Is it possible to solve $\frac{z}{y}=\left(1-{xca}\right)\left(1-{xcb}\right)(1-x)^{n}$ for $x$?

Question

$$\frac{z}{y}=\left(1-{xca}\right)\left(1-{xcb}\right)(1-x)^{n}$$

Can we solve this equation for $x$ such that, in the new equation we have, $x$ is the dependent variable, and $n$ is the independent variable, $c$, $a$, $b$, $y$, $z$ are all constants.

I have found it impossible to isolate $x$ on one side. I hope someone can help.

Answer 1

Start by simplifying the notation. Let $A = 1-\frac{m_1}a, B = 1-\frac{m_2}b, C = \frac{m_1m_2z}{aby}, k = n-2$ and $t = 1-x$. After multiplying through by $\frac{m_1m_2}{ab}$, the problem becomes solving $$(t-A)(t-B)t^k = C$$ If $C = 0$, we would be in luck. The solutions would be $t = A, t = B, t = 0$, or $x = 1-A, x = 1-B, x = 1$.

Alas, when $C \ne 0$, it is not so easy. You have a polynomial equation of degree $n = k+2$ in $t$. There is a famous result that there is no closed form solution for $t$ involving just addition, subtraction, multiplication, division, and the taking of roots. You can come up with closed form solutions using esoteric functions, but those esoteric functions are merely a mathematical relabeling of the problem. They offer no new insight into it, and do not give easier methods of calculating $t$.

So what can we do? If your need is theoretical, just the existence of a solution is usually enough, without having some specific formula for calculating it. If your need is practical, finding a numeric value for a specific set of parameter values, then there are very good means of approximating the answer to any accuracy. (And if you think you need an exact value, not an approximation - as many mathematical neophytes often think - you are very much mistaken. Any formula would have given you an approximate value only. It is impossible to ever have an exact value of an irrational number.)

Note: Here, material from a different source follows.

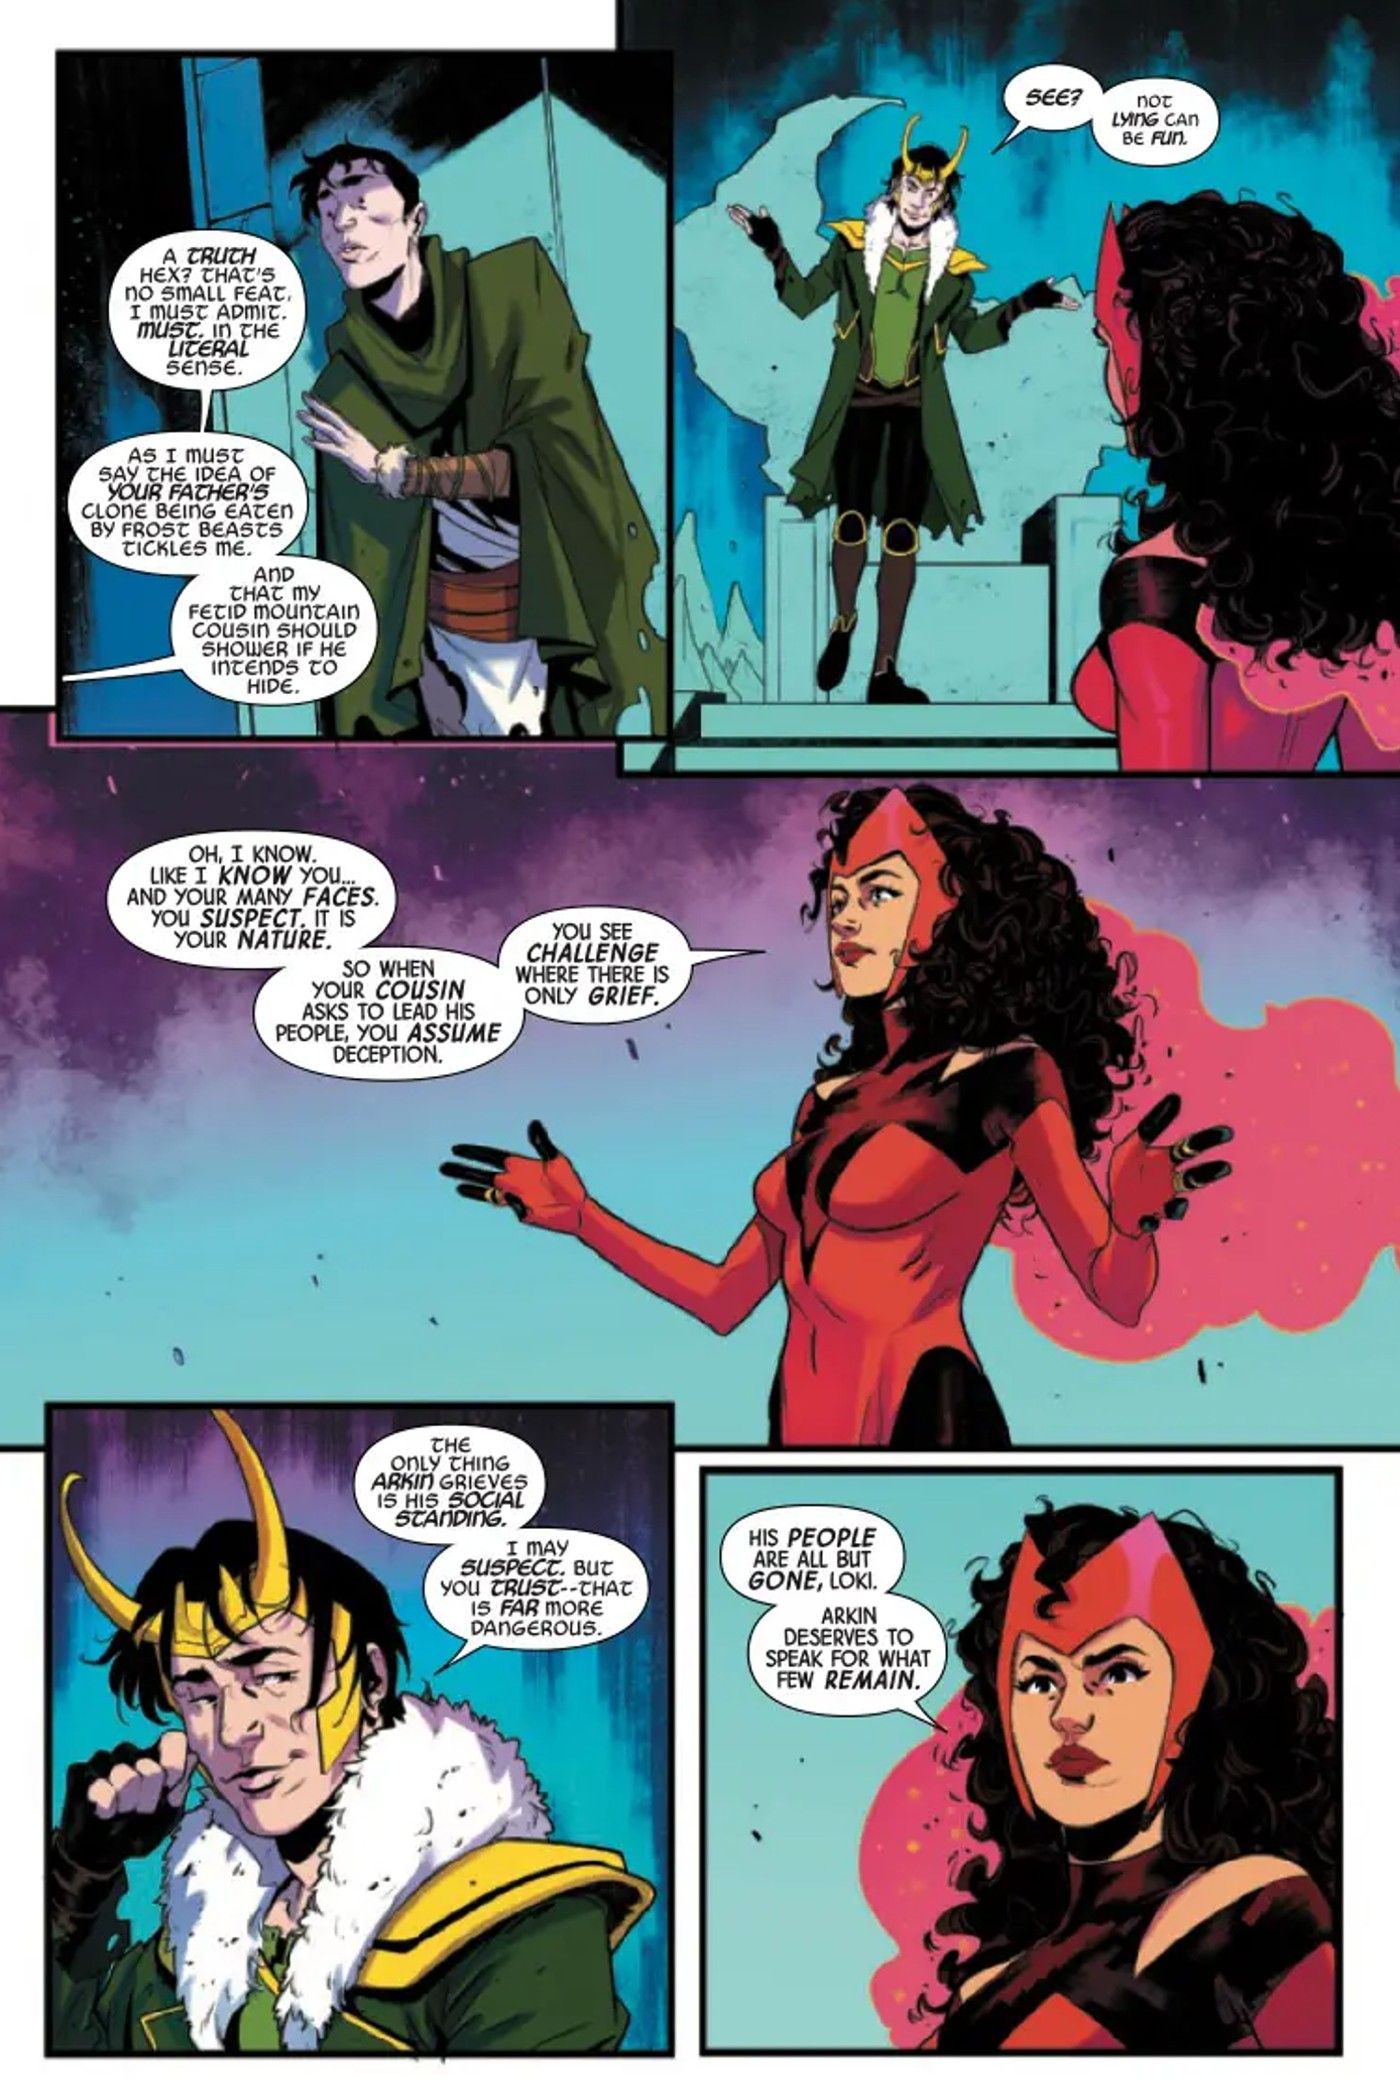 Scarlet Witch vs Loki Begins with 1 Spell That Changes Everything

The case for $k = 0$ is just a quadratic equation that is solvable with the quadratic formula Using a little calculus (yes, I see the precalculus tag, but I'll take care of the calculus and you will just have to trust that what I tell you from it is accurate), for $k > 0$ the turning points of the polynomial $P(t) = (t-A)(t-B)t^k - C$ are at the solutions to the equation $$t^{k-1}[t(t - B) + t(t - A) + k(t-A)(t-B)] = 0$$ which are

• $r_0 = 0$ for $k > 1$ only,
• $r_1 = \dfrac{(k+1)(A+B) - \sqrt{(k+1)^2(A+B)^2 - 4(k+2)kAB}}{2k+4}$,
• $r_2 = \dfrac{(k+1)(A+B) + \sqrt{(k+1)^2(A+B)^2 - 4(k+2)kAB}}{2k+4}$.

When $k$ is even, all three will be turning points. These turning points divide the real line into four intervals, one from $-\infty$ to the lowest root, the next from the lowest root to the middle root, and so on. When $k$ is odd, $r_0$ will not be a turning point. Instead the curve will level off there, but then continue on in the same direction, much like $y = x^3$ does around $x = 0$. So for odd $k, P(t)$ has only two turning poimts at $r_1, r_2$. These divide the real line into three intervals.

Let $y_0 = P(r_0) = P(0) = -C, y_1 = P(r_1), y_2 = P(r_2)$. For $k$ even,

• if all three $y$ values are $< 0$, the equation $P(t) = 0$ will have two roots, one below the lowest turning point, and the other above the greatest turning point.
• If two of the $y$ values is $< 0$, the equation will have four roots, one in each of the intervals defined by the turning points.
• If one of the $y$ values is $<0$, the equation will have two roots, one in each of the intervals on either side of the negative turning point.
• If none of the $y$ values is $\le 0$, then the equation has no real roots.

For $k$ odd, ignore $y_0$, and consider only $y_1,y_2$.

• If both $y$ values are $< 0$, the equation has a single root, greater than the larger of $r_1, r_2$.
• If one $y$ value is negative and the other positive, the equation has three roots, one in each of the intervals.
• If neither $y$ value is $\le 0$, the equation has a single root, less than the lower of $r_1, r_2$.

How can you find the roots? For each interval where a root resides per the conditions above, pick an arbitrary point $t_0$ in the interval (not the end points). Then for each $i$, calculate $$t_{i+1} = t_i - \dfrac{(t_i-A)(t_i-B)t_i^k - C}{t_i^{k-1}[t_i(2t_i - A - B) + k(t_i-A)(t_i-B)]}$$ The $t_i$ will converge to the root of the equation in that interval, and will do so very quickly. Keep calculating new $t_i$ until the difference between consecutive values is below the level of tolerance your application needs. Use the last value as your root.